* **Required action**
After locating "MINISTERIO DE SANIDAD" in the listing below, copy that line and each one after it exactly, ending with the line that has "Znalecká doložka Znalecký".
*** Opening of Given records ***
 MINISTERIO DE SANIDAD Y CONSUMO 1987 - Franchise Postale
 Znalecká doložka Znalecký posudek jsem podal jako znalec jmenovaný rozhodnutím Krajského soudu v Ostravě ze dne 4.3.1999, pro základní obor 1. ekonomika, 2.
*** Close of Given records ***
*** Opening of Given records ***
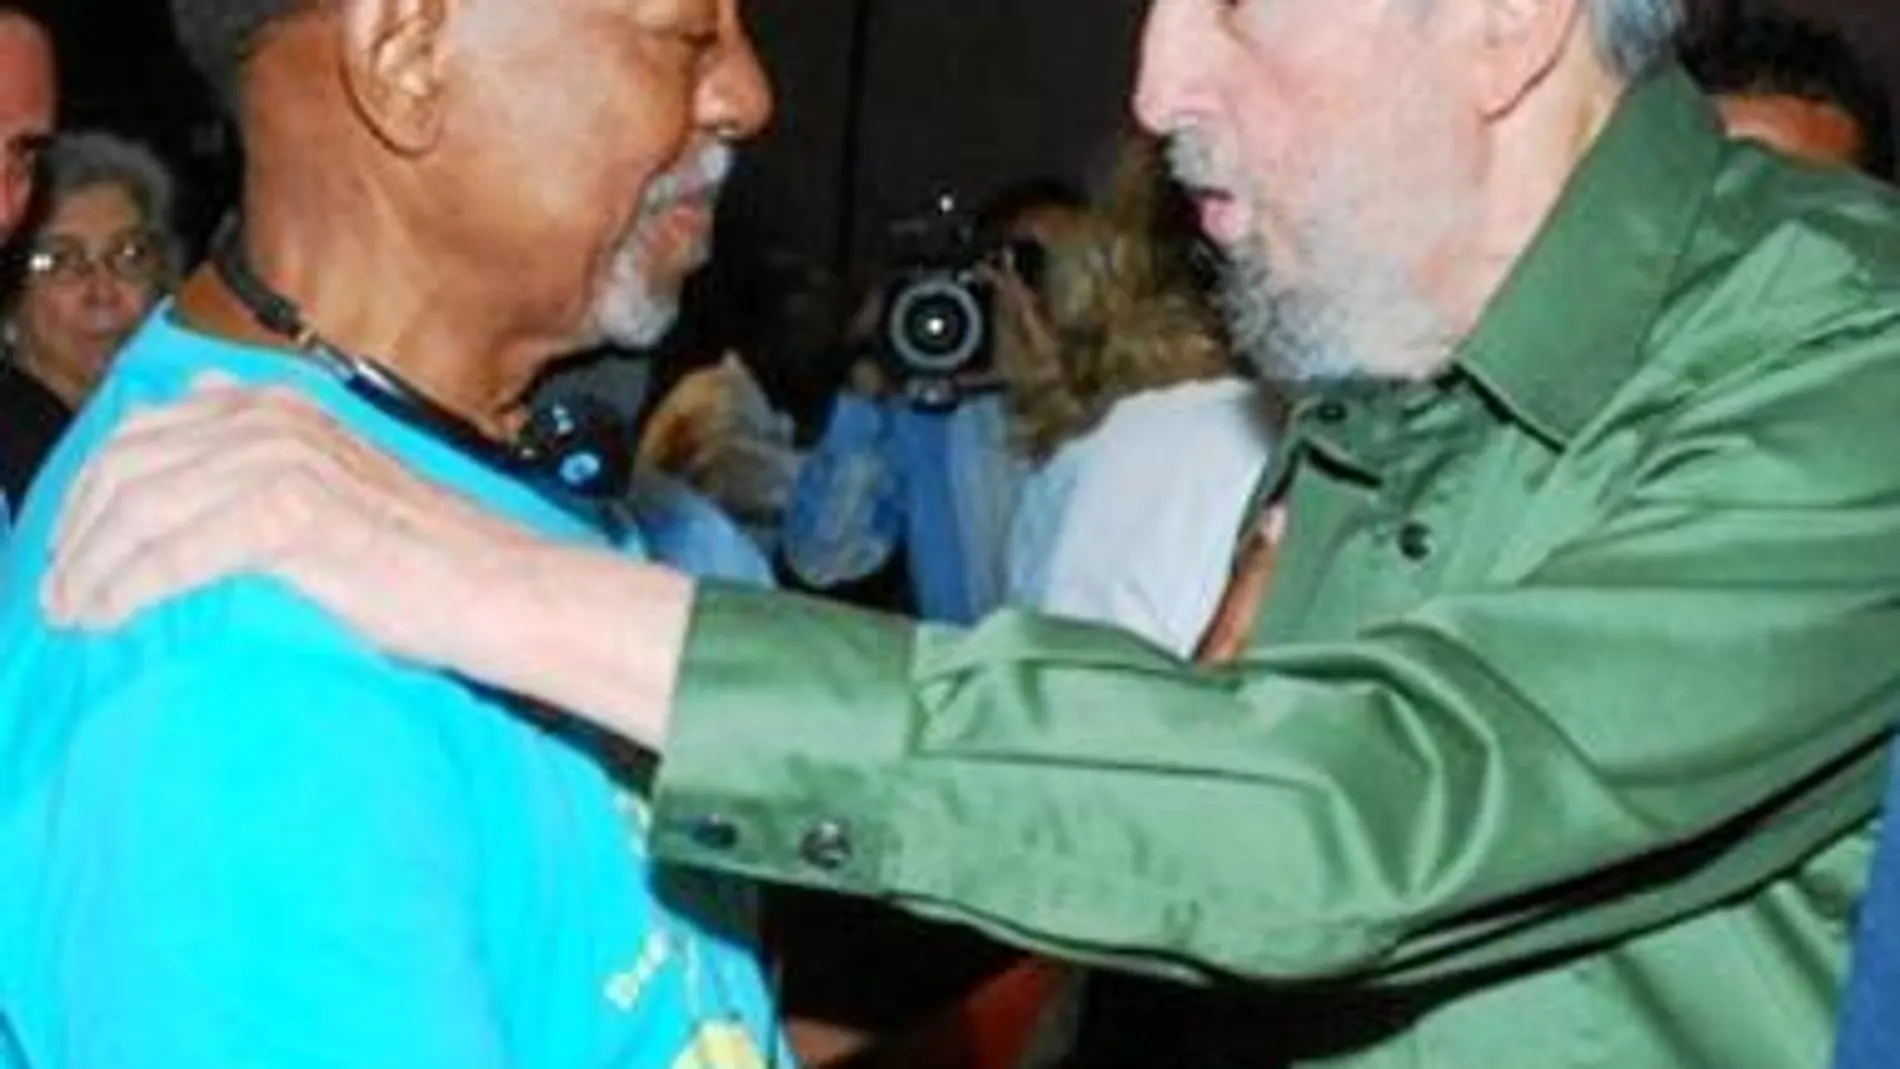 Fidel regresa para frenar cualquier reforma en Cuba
*** Close of Given records ***
* **Output of the task**
 MINISTERIO DE SANIDAD Y CONSUMO 1987 - Franchise Postale
 Znalecká doložka Znalecký posudek jsem podal jako znalec jmenovaný rozhodnutím Krajského soudu v Ostravě ze dne 4.3.1999, pro základní obor 1. ekonomika, 2.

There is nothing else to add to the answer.